I propose a simple testing methodology - we check the throughput, and build the dependence of the number of dropped packets on the traffic intensity in increments of 50, 100, 150 and 200 Mb / s. Why do we take such intervals? We start from 100 Mb / s - the most popular client request, and put off plus and minus from it to see what happens in more or less loaded modes, as well as in extreme mode 200 Mb / s.
Life experience tells me that with all the active rules, the S100 may not pull, so I suggest the described procedure to be carried out in three modes: first, when all the rules are active, then with the part of the rules turned off (let's call it Group No. 1) and, finally, only when it’s active just a few rules (let's call it Group No. 2). We form the following rule groups:
- Group No. 0: well, that’s understandable, all the rules without exception.
- Group No. 1: Emerging Threads rule group (I have known the rules since testing IDS Snort, with the exception of emerging-games rules).
- Group No. 2: a group of rules that I consider simply binding on IDS (see below), including the addition of p2p rules, because from my own experience I know how large companies negatively relate to the fact that their employees actively use corporate network for downloading your favorite TV shows.
Testing is possible using the tcpreplay utility . This utility allows you to play back pre-recorded network traffic at a specific speed. Command: tcpreplay –i <interface> -l 0 testTI.pcap . File testTI.pcapit contains 1,146,313 packets (we choose such a volume so that, on the one hand, there are good statistics, on the other hand, the time to “run” would not be too long, in our case, no more than 15 minutes). In addition to this, as I said, we launch a torrent tracker.
Test bench layout:

If someone has questions about the testing methodology, I’m ready to answer in the comments.
So, the results.
Group No. 0
Testing on a full set implies downloading all the rules, and there are 30 305 of them.
When testing, we use the IDS default settings:

We start testing with 100 Mb / s and we understand that the piece of iron can barely pull: out of 114 thousand packets, 109 thousand are discarded! So there is no point in testing at 150 and even more so at 200 Mb / s. On the contrary, I propose to give the device a chance and conduct an additional test at 10 Mb / s. The result is in the table:

Note:
kernel_packets - sent packets;
kernel_drops - dropped packets. As you can see, with default settings and with a complete set of rules, large packet losses occur (> 30% relative to kernel_packets). Let's hope that optimizing the rules for settings will change the situation;
decoder_packets - the number of packages that the system correctly processed;
detect_alerts - number of detected attacks. The bulk of the attacks are of the Fragmented Package type, but the Torrent Tracker Detection attacks have also been identified.
Group No. 1
Obviously, the piece of hardware is not optimized to work as a full-fledged powerful IDS, but there is room for maneuver, namely the ability to change the route search mechanism, disable the loading of package contents into reports (payload), and also disable rule groups and certain package groups. A little experimentation with the settings - and we come to the option that I present in the following figure.

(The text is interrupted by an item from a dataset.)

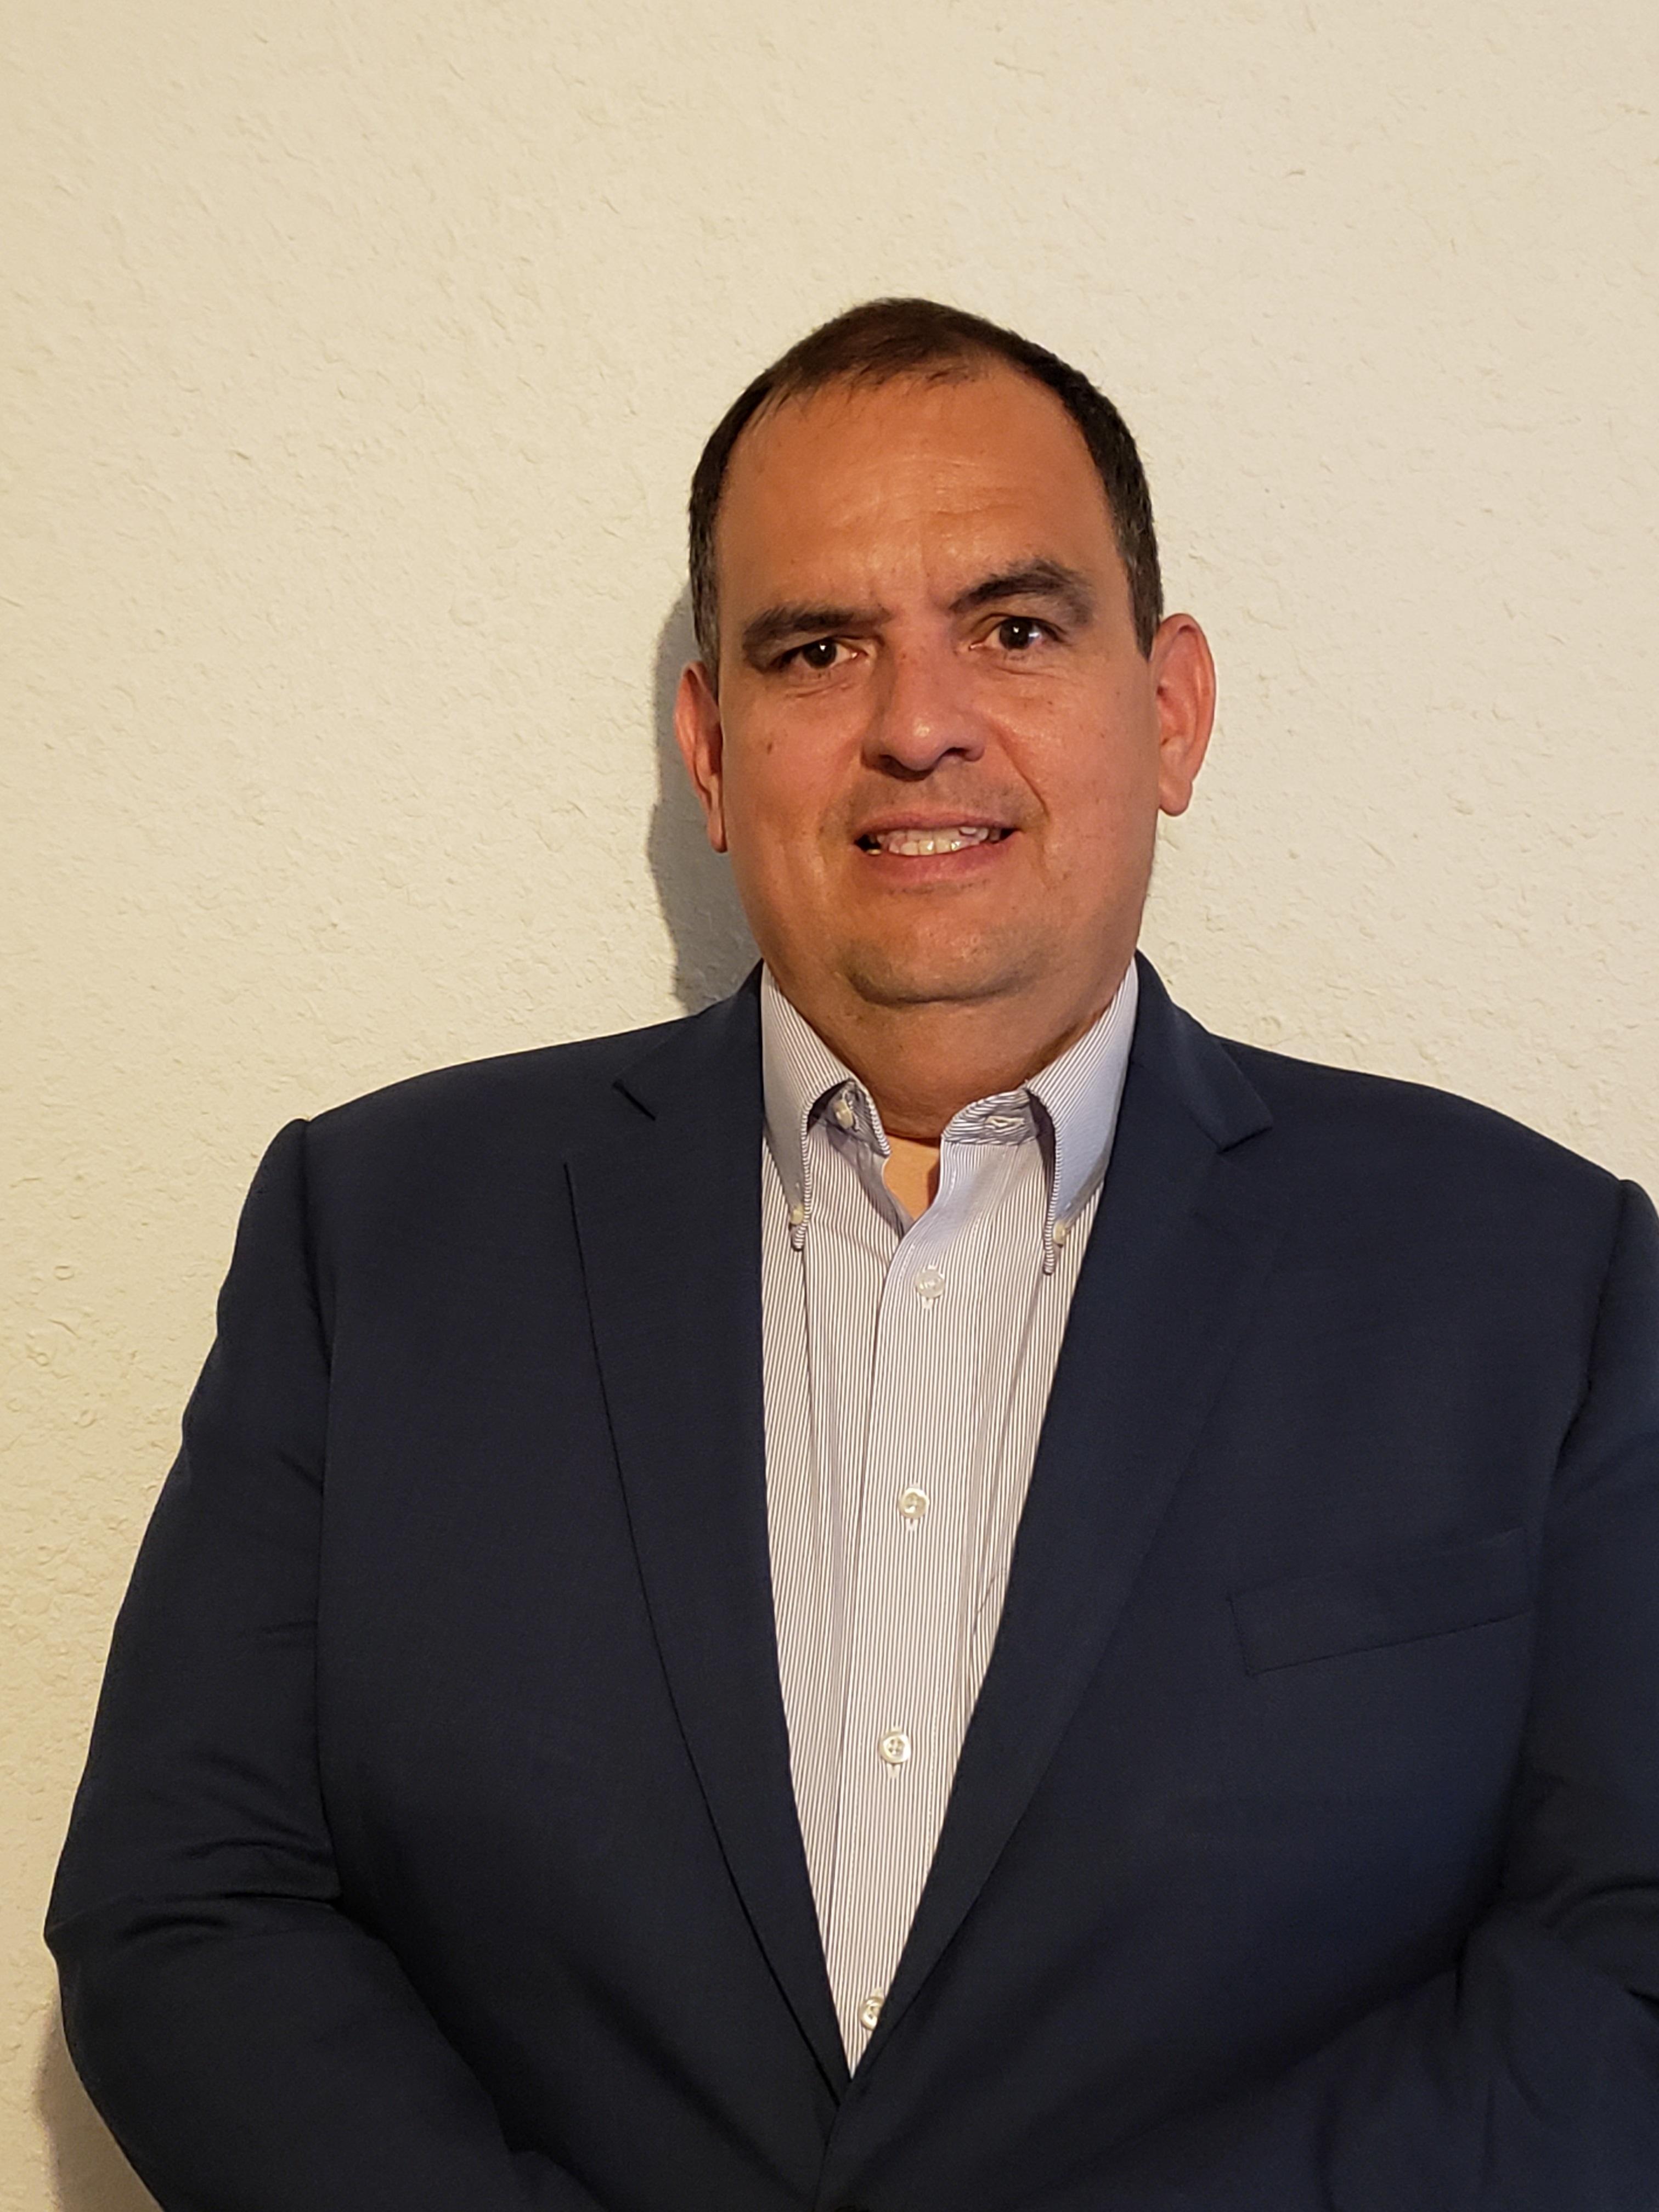 Joseph Ruiz Headshot

List of active rules that we leave:

Test result:

As you can see, the picture improved significantly with this group of rules (the percentage of dropped packets decreased several times). An attack such as “Detecting a torrent tracker” was successfully detected (“Fragmented packet” attacks no longer appeared).
Group No. 2
Settings are the same. List of active rules:

The result in the table:

Here the picture of packet processing is even better, which is expected.
Summary
The final results table, expressed as a percentage of kernel_drops relative to kernel_packets, is shown below:

Graphically, the result is as follows:

As you can see, the number of active rules and settings directly affect the efficiency. It does not make sense to turn on the settings to the maximum and all the rules at the same time - the losses immediately go off scale even by 10 Mb / s. In optimized modes, the piece of hardware feels normal up to 100 Mb / s, but losses increase sharply on more intensive traffic. However, for “office” use, 100 Mb / s is enough. If you drive the device at this speed and select the rules, you can achieve quite satisfactory IDS.
Perhaps, to use the full set of rules, improvements are needed to use the pf_ring mechanism (https://www.ntop.org/products/packet-capture/pf_ring/) as a mechanism for transferring a packet to userspace from the network interface buffer. To do this, you will need to use several instances of Suricata, which, of course, will take resources from other processes, but perhaps the game will be worth the candle.
I repeat that, in my opinion, the main purpose of the tested device is a firewall, and the IDS option is auxiliary. Honestly, I was ready for the fact that the hardware will fail. It turned out that with a certain gutta perception of the system administrator, the intrusion detection system in the S100 is fully operational.
PS As I said above, I urge readers to write about their experience in using IDS in relatively inexpensive solutions.
PPS Test is posted in the manufacturer’s account, because I don’t want to “shine” myself. Nevertheless, I am ready to answer all questions and debate in the comments, but, again, not on my own behalf :)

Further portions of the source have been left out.